We've push an update to Google Play, or you can grab the latest release here: https://guardianproject.info/releases/ChatSecure-v14.0.3.apk

[AizazZaidee]

I have forked your project from GIT. Facing same problem. I am working on Master branch. On which branch you have fixed the bug?

[n8fr8]

Pushing another update today. I think the problem relates to using the wrong JID. If we are foo@bar.com/blah but the server actually sets us to foo@bar.com/blah123 we were not getting that info and setting the setFrom() in the XMPP Message properly. This made OTR sessions not connect.

[AizazZaidee]

I think there is some problem in initialization of OTR. When you set it to fore and restart mobile It works but if you enable it in the middle then it's like taking forever. So I think there is something missing in the flow. Still you know far better than me.. but this is also a possibility.

[n8fr8]

We've pushed changes that affect this bug, and have released 14.0.4 official as well: https://guardianproject.info/releases/ChatSecure-v14.0.4.apk

[chaosjug]

I still have this issue with 14.0.4

[AizazZaidee]

Just set it to forced, restart your mobile. Everything will work fine :)

[knoy]

This issue appears to be fixed with 14.0.4 and I haven't noticed any problems so far

EDIT: Further testing reveals that this has not been fixed! I'm intermittently unable to send OTRd chat to ANY of my contacts, this includes across between new versions of chatsecure, between new and old and between chatsecure and pidgin. Encryption is set to "automatically attempt". Force-stopping the app appears to fix the issue temporarily. PLEASE FIX THIS ISSUE AS SOON AS POSSIBLE

[celocore]

The issue appears not to be fixed :-/ ... I've testet it with ChatSecure 14.0.4 on Android 4.1.2, 4.2.2 and 4.4.4 on different devices. If I enable chat encryption the wheel is endless spinning and no encryption is enabled. All tricks named here are testet. I use OpenFire as XMPP-Server. With Xabber the OTR-Encryption works fine, so I think, it's not the server setup. Does anyone has other experiences with this constellation?

[knoy]

I have reverted everyone I know to <13 versions earlier to avoid this issue which is why I haven't noticed, but now that I've switched back this bug is definitely still here... this makes the app essentially unuseable as it's constantly failing to initiate OTR with contacts and nothing (rebooting, closing the app, etc) short of force stopping the app fixes this issue

[eighthave]

@n8fr8 says: "one source of OTR failing seems to be corruption of the keystore props file we use. a) not sure why the corruption happens and b) we have no good way to recover from it"

[knoy]

Perhaps it's realated to this bug: https://github.com/guardianproject/ChatSecureAndroid/issues/545

The OTR failing seems to happen nearly every time I use it within less than a minute. Easiest way to reproduce has been start an OTRd chat, end the chat, then start a chat again. This occurs between v14 and v14, v13 and v14 and v14 and pidgin.

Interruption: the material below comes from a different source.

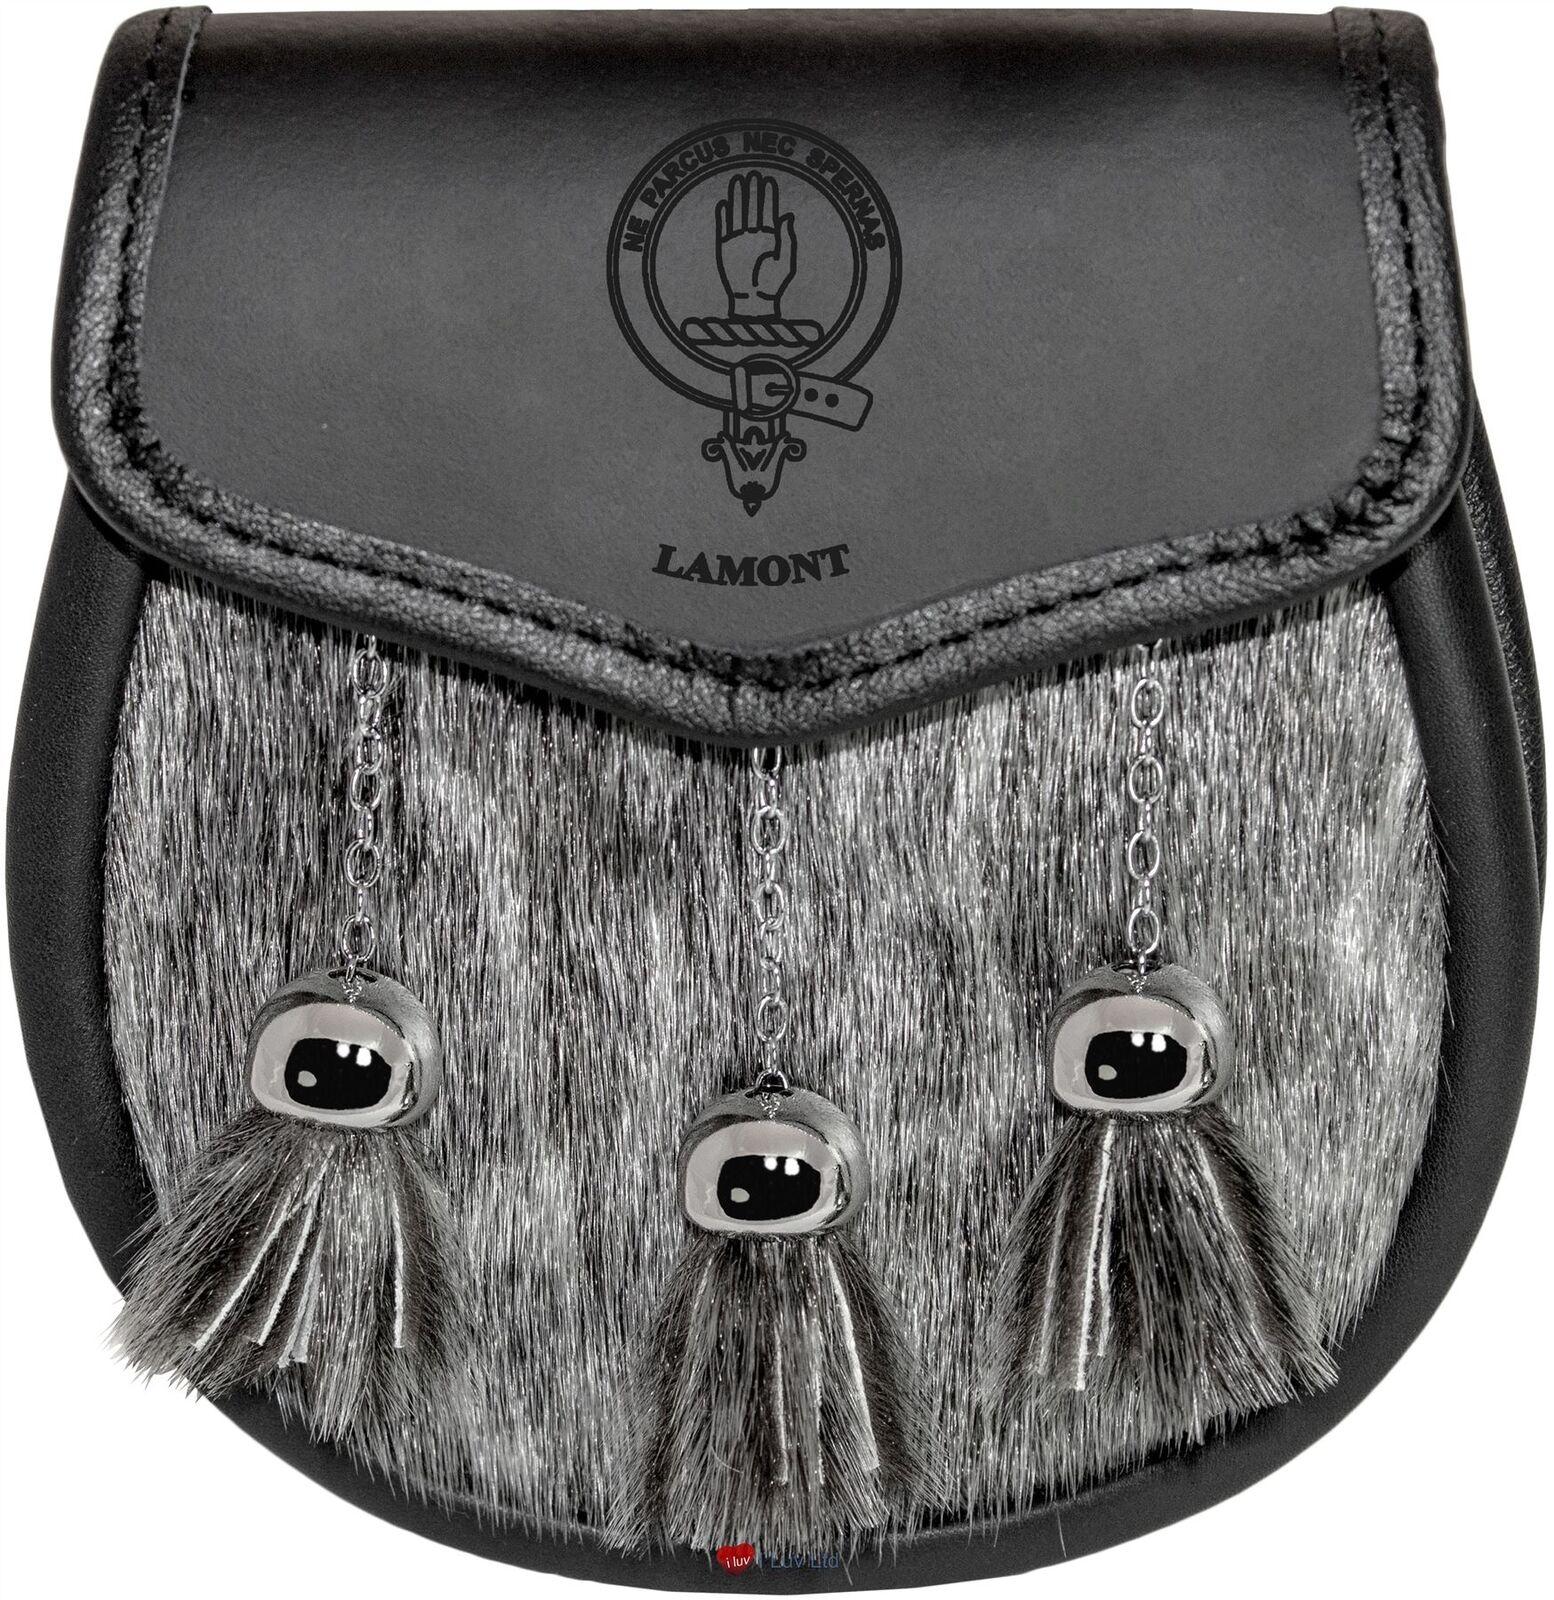 Lamont Semi Dress Sporran Fur Plain Leather Flap Scottish Clan Crest

BTW the setup: CS 14.0.4 (any version 14+ seems to be affected) Nexus 5 Android 4.4.4 WiFi or Cellular data connection

[n8fr8]

The keystore file corruption is not related to the DB closing. The fact that you can establish an OTR session at means your keystore is intact. The OTR issues you are experiencing are more likely addressed by fixes in the SessionID instance management I have fixed in another pull request and will likely merge.

[knoy]

Awesome! Thank you so much! Let me know whenever you have a new build out and I will be happy to test it for you

[knoy]

I've been testing the latest builds (Oct 19th) among several people throughout the day and this issue is still present about 50% of the time OTR is attempted. Others who initially had some success reported not receiving many encrypted messages (despite delivery receipts on the senders end) during conversations and after resetting the database and logging back in OTR no longer worked at all (even after multiple attempts, force stops, etc). Rebooting the phone seemed to clear the issue. Others reported problems initializing OTR with anyone running v13 builds until force stopping. Please explain any steps you'd need to help further diagnosing this problem and I would be glad to assist

[eighthave]

I reproduced this using the latest code in git between ChatSecure and Gajim. OTR would not start at all, then I Force Quit ChatSecure, then it started working. Trying to reproduce again...

[eighthave]

I can reproduce it now:

1. uninstall ChatSecure
2. install ChatSecure
3. setup existing XMPP account (e.g. gptest@jabber.org)
4. attempt to start OTR conversation from Gajim (signed into gptest@jabber.ccc.de)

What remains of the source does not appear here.